1. How time and memory scale with network size

These are your clearest planning levers. With average degree near 10, both grow with the number of links: memory close to linearly, time a little faster (about links^1.2). Network type sets the offset. State (higher-order) networks cost roughly 2× an ordinary one at the same link count, and multilayer costs about 6× the time and 2.4× the memory, because expanding the multilayer input into a state network dominates the work.

b1 = blk("B1")
fig, (ax1, ax2) = plt.subplots(1, 2, figsize=(12, 4.6))
for typ in ["ordinary", "state", "multilayer"]:
    d = b1[b1.type == typ].sort_values("links")
    ax1.plot(d.links, d.wall_s, "o-", color=TYPE_COLOR[typ], label=typ)
    ax2.plot(d.links, d.peak_rss_mb, "o-", color=TYPE_COLOR[typ], label=typ)
for ax, ylab in [(ax1, "wall time (s)"), (ax2, "peak RSS (MB)")]:
    ax.set_xscale("log")
    ax.set_yscale("log")
    ax.set_xlabel("links")
    ax.set_ylabel(ylab)
    ax.legend()
ax1.set_title("Time vs network size (8 threads, 1 trial)")
ax2.set_title("Memory vs network size (8 threads, 1 trial)")
plt.tight_layout()
plt.show()

# Normalized headline metrics — use these to extrapolate to your own network
norm = (
    b1.groupby("type")
    .agg(
        Mlinks_per_s=("Mlinks_per_s", "median"),
        bytes_per_link=("bytes_per_link", "median"),
        lo=("links", "min"),
        hi=("links", "max"),
    )
    .reset_index()
)
norm["links measured"] = norm.apply(
    lambda r: f"{r.lo / 1e6:g}M-{r.hi / 1e6:g}M", axis=1
)
norm = norm[["type", "links measured", "Mlinks_per_s", "bytes_per_link"]]
norm.columns = [
    "type",
    "links measured",
    "throughput (M links/s, 8 threads)",
    "memory (bytes/link)",
]
norm.round(2)
../_images/b47662b15d05895c2d68a801d20ff0942247bb4f927de3e166f986fb3eb645fe.png
type links measured throughput (M links/s, 8 threads) memory (bytes/link)
0 multilayer 1M-5M 0.06 604.90
1 ordinary 0.5M-20M 0.35 247.57
2 state 0.5M-5M 0.22 380.79

For one trial on this machine:

  • peak memory ≈ links × bytes-per-link (10M-link ordinary ≈ 10M × 250 B ≈ 2.5 GB)

  • time ≈ links ÷ throughput (10M-link ordinary ≈ 10M ÷ 0.35M/s ≈ 29 s)

On 16 GB of RAM, memory becomes the binding constraint around 60M links for ordinary networks, 40M for state, and 25M for multilayer.

2. Threads: how much they help depends on depth

Infomap parallelizes the recursive, multi-level part of the search; the top-level partition runs serially.
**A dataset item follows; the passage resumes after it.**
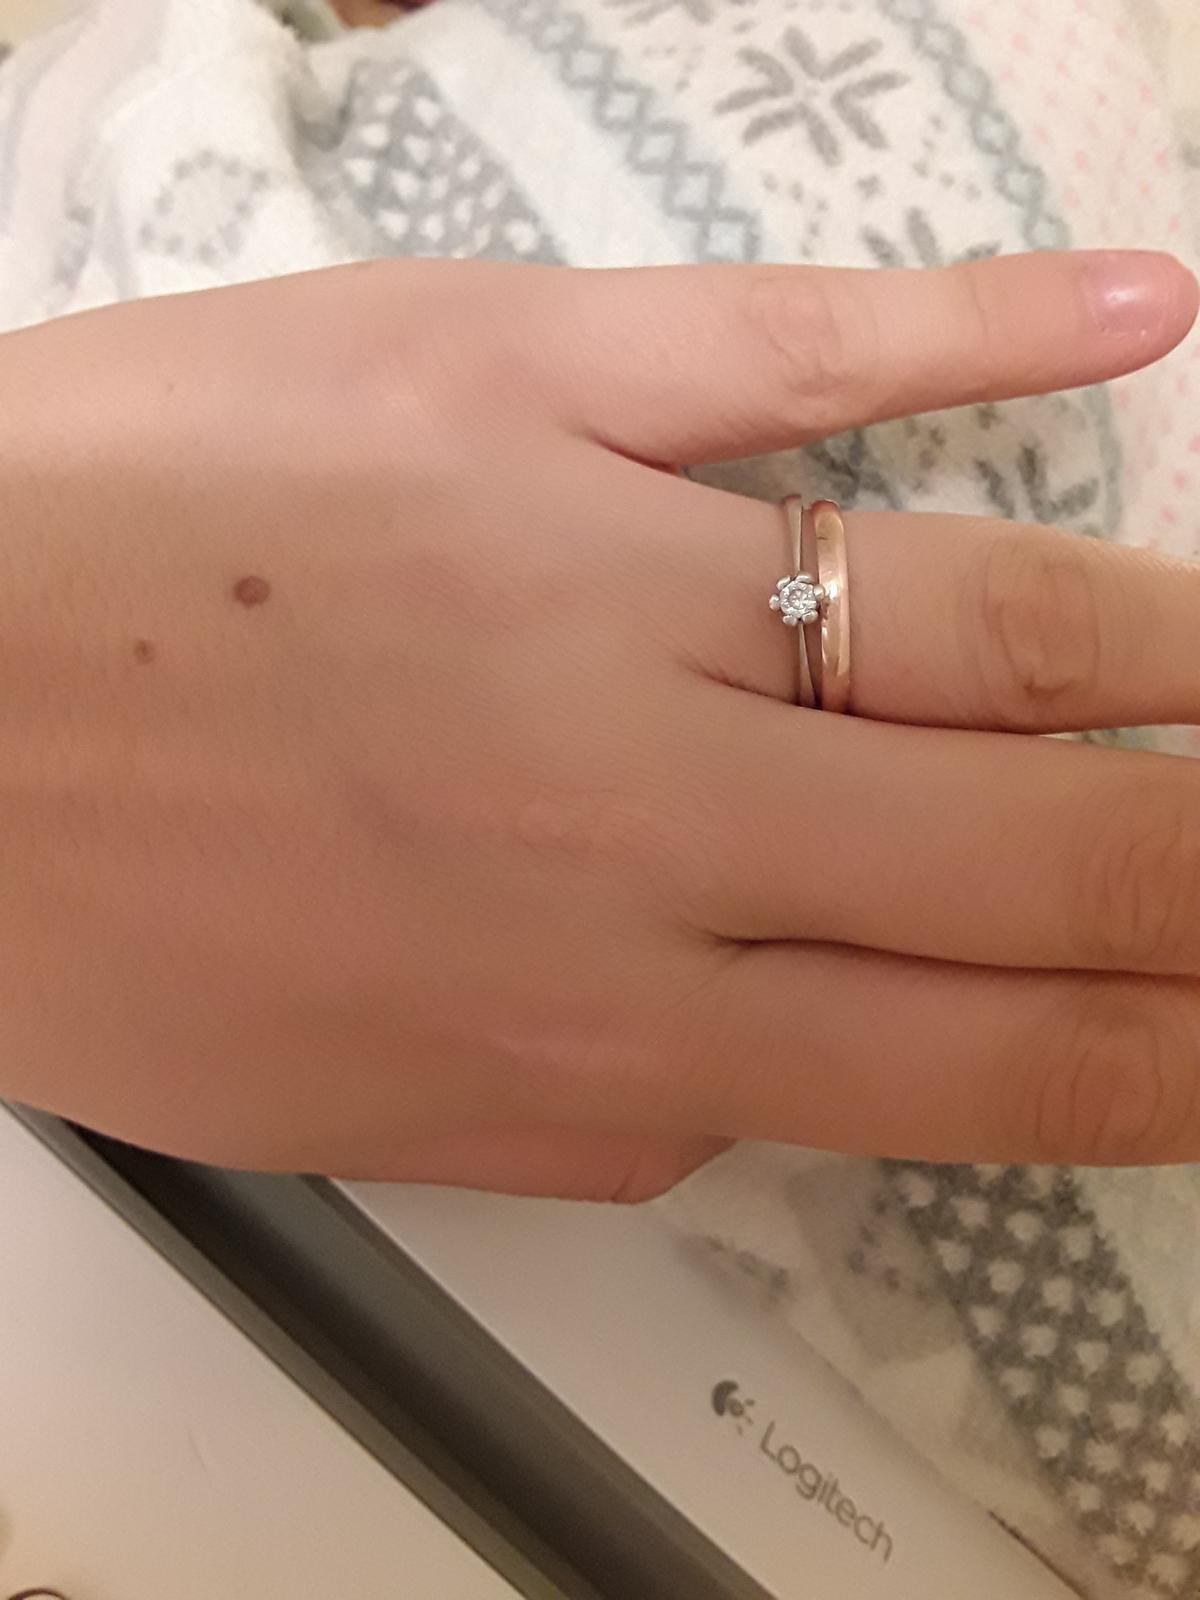 Snubni A Zasnubn Prsten Jak Nosit Svatebni P

How much threads help therefore depends on how deep the hierarchy is.

  • A flat (two-level) partition barely moves: about 1.1–1.2× even at 12 threads.

  • A deep, hierarchical network reaches about 2.5× and plateaus near 8 threads. The 4 efficiency cores (threads 9–12) contribute little.
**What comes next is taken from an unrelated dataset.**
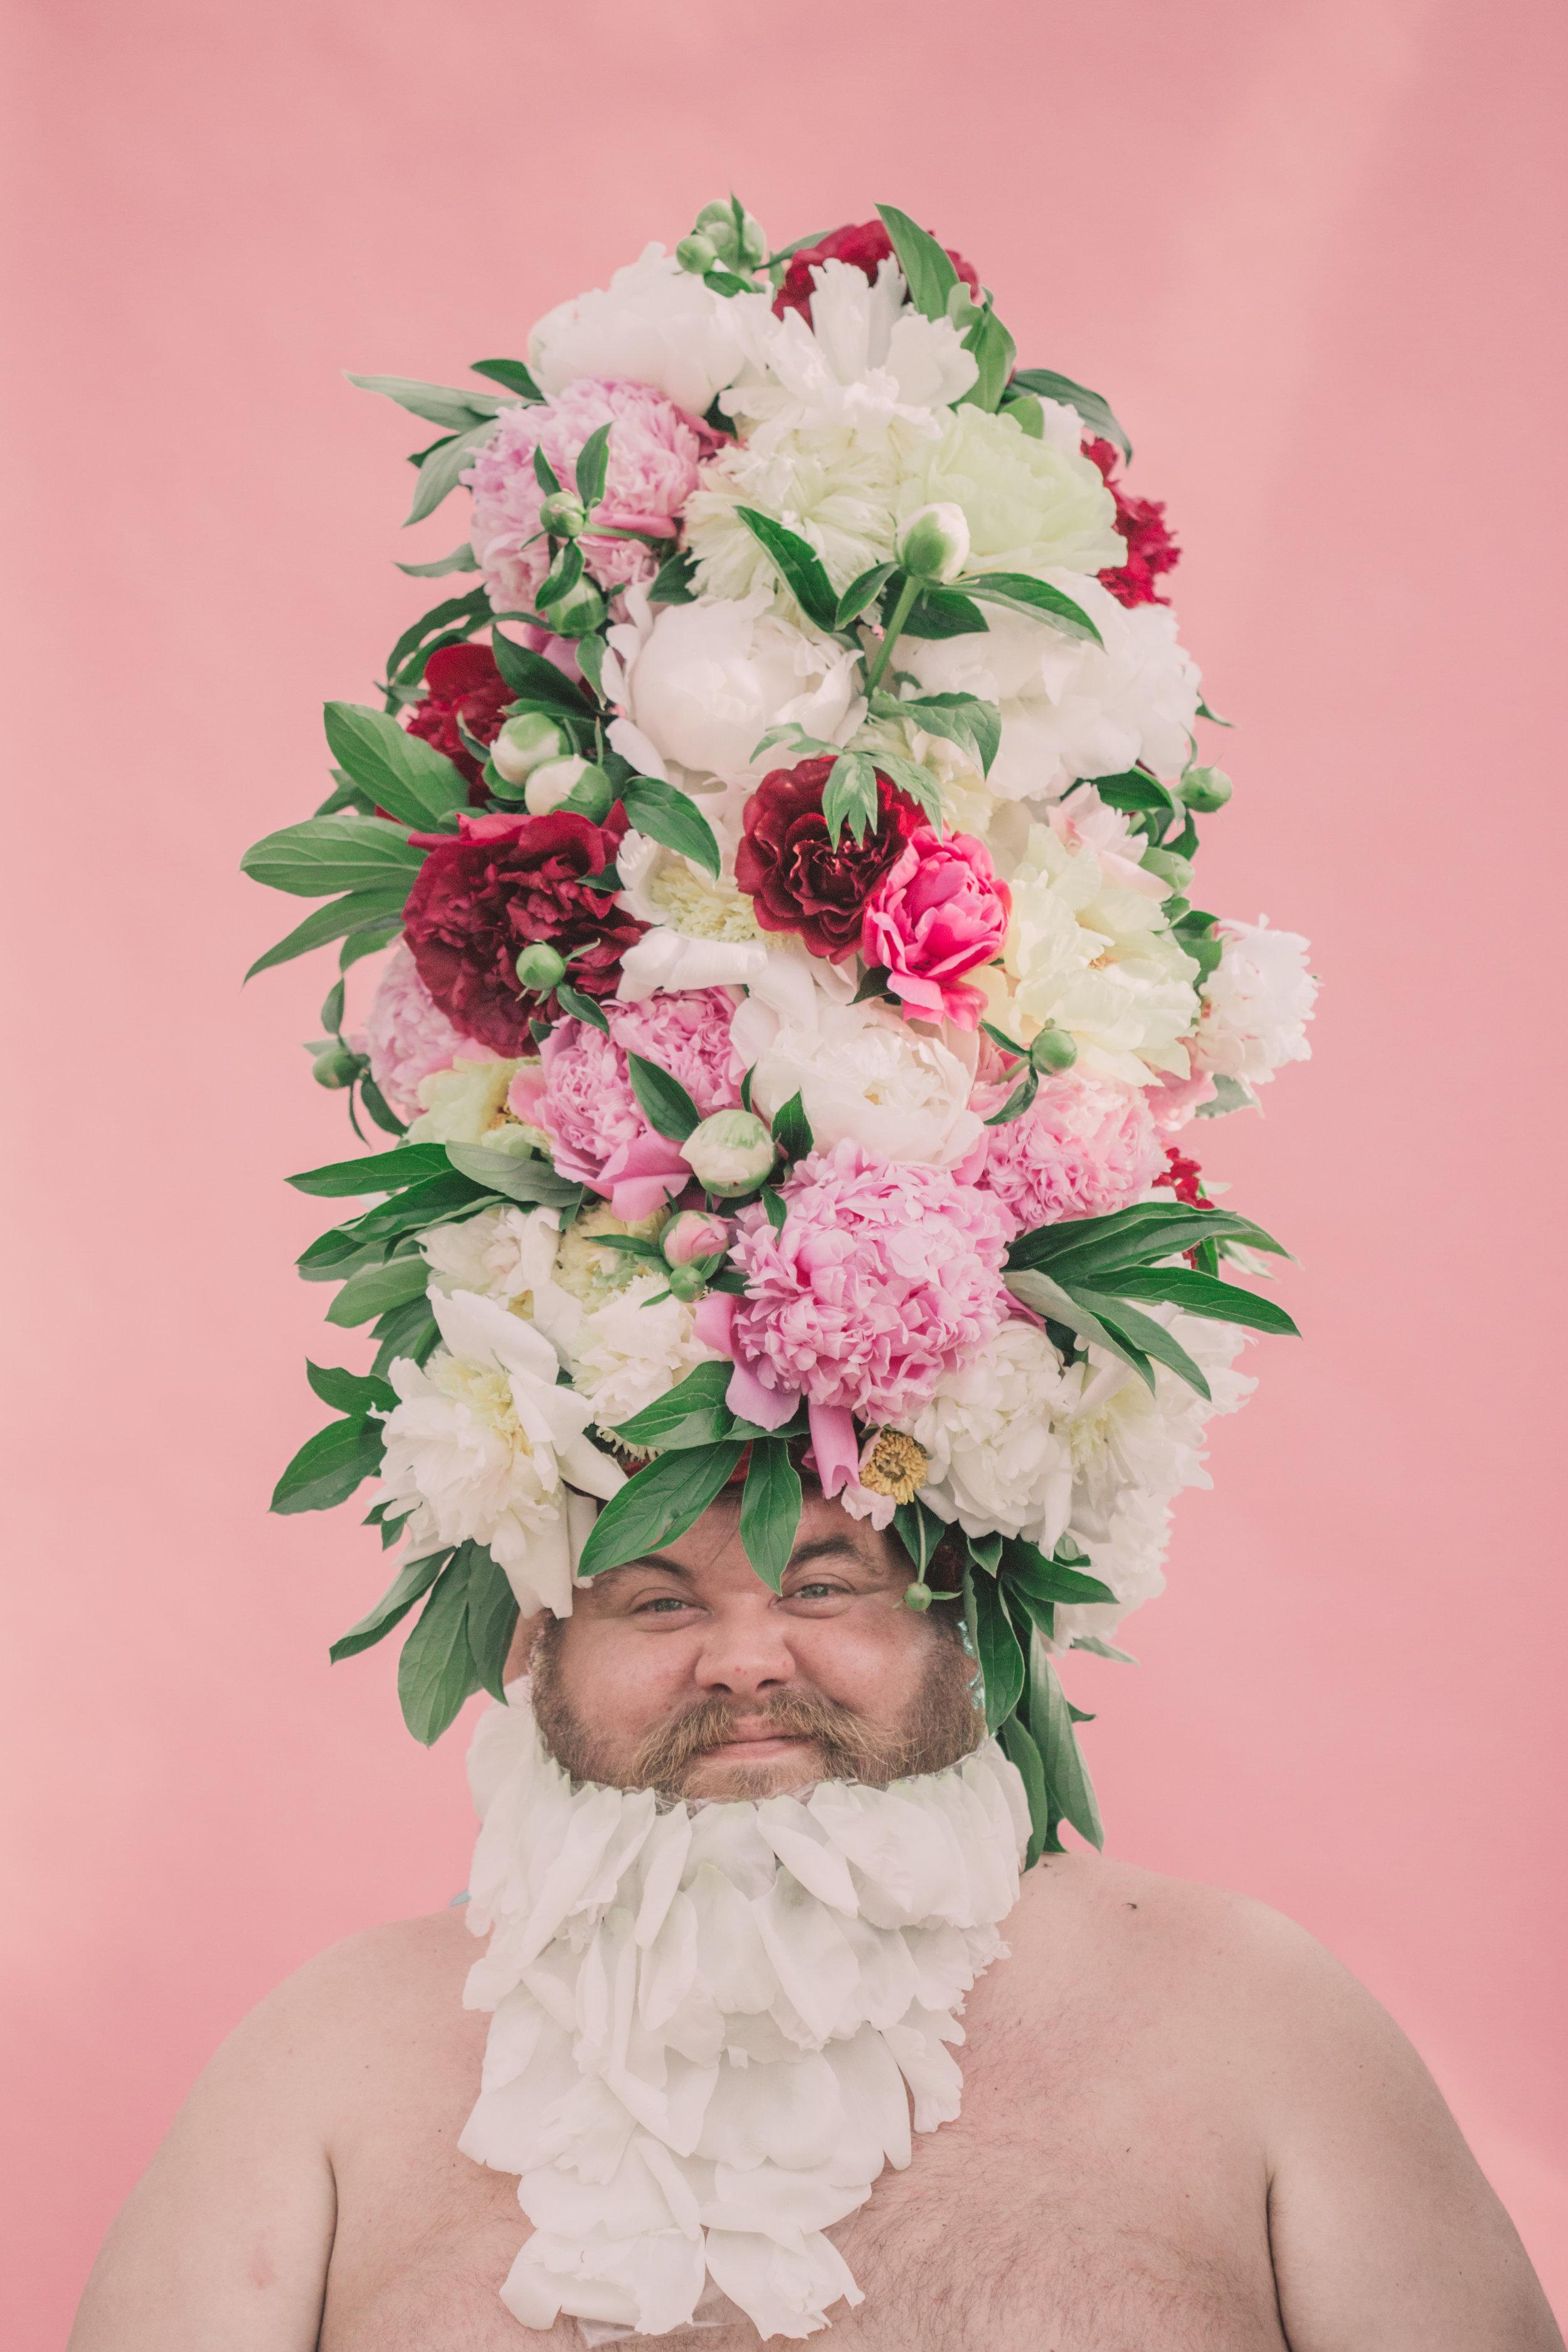 Floras-muse-beehivecollective-florist-head-piece-peonies-maineweddings.jpg

Choose the thread count from your network’s structure rather than its size. Past 8 threads you gain little on this hardware.
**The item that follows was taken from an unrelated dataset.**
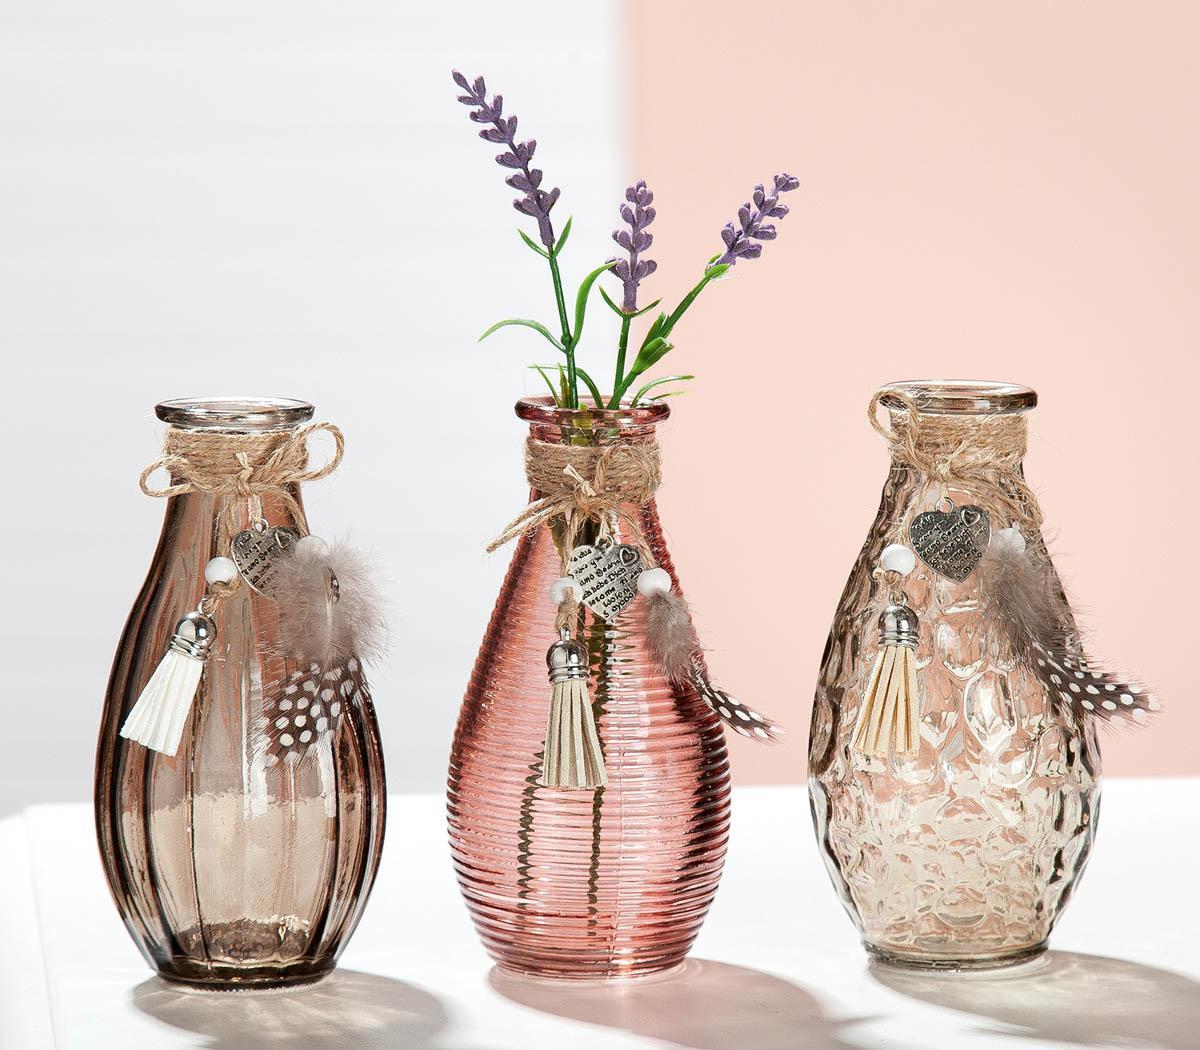 Sada váz Srdce, 3 kusy

fig, (ax1, ax2) = plt.subplots(1, 2, figsize=(12, 4.6))
series = [
    ("B2", "ordinary", TYPE_COLOR["ordinary"], "ordinary · 5M links (flat, 2 levels)"),
    ("B2", "state", TYPE_COLOR["state"], "state · 2M links (flat, 2 levels)"),
    ("B2deep", "ordinary", "#9467bd", "ordinary · ~4.5M links (deep, 6 levels)"),
]
for b, typ, color, lab in series:
    d = summary[(summary.block == b) & (summary.type == typ)].sort_values("threads")
    if d.empty:
        continue
    base = d[d.threads == 1].wall_s.iloc[0]
    ax1.plot(d.threads, d.wall_s, "o-", color=color, label=lab)
    ax2.plot(d.threads, base / d.wall_s, "o-", color=color, label=lab)
ax2.plot([1, 12], [1, 12], "k--", alpha=0.4, label="ideal")
ax1.set_xlabel("threads")
ax1.set_ylabel("wall time (s)")
ax1.set_title("Wall time vs threads")
ax1.legend()
ax2.set_xlabel("threads")
ax2.set_ylabel("speedup vs 1 thread")
ax2.set_title("Speedup")
ax2.legend()
plt.tight_layout()
plt.show()
../_images/a0e864d4770ba4c4eac5c4aeb317da827f0e834fdb2136b4a6b5c6578ad5e037.png

3. Trials cost time, not memory

--num-trials N runs the search N times and keeps the best partition. By default the trials run one after another, so wall time is about (read + build) + N × (one optimization) and peak memory stays flat. More trials raise your chance of hitting the optimum at a predictable, linear time cost and no memory cost.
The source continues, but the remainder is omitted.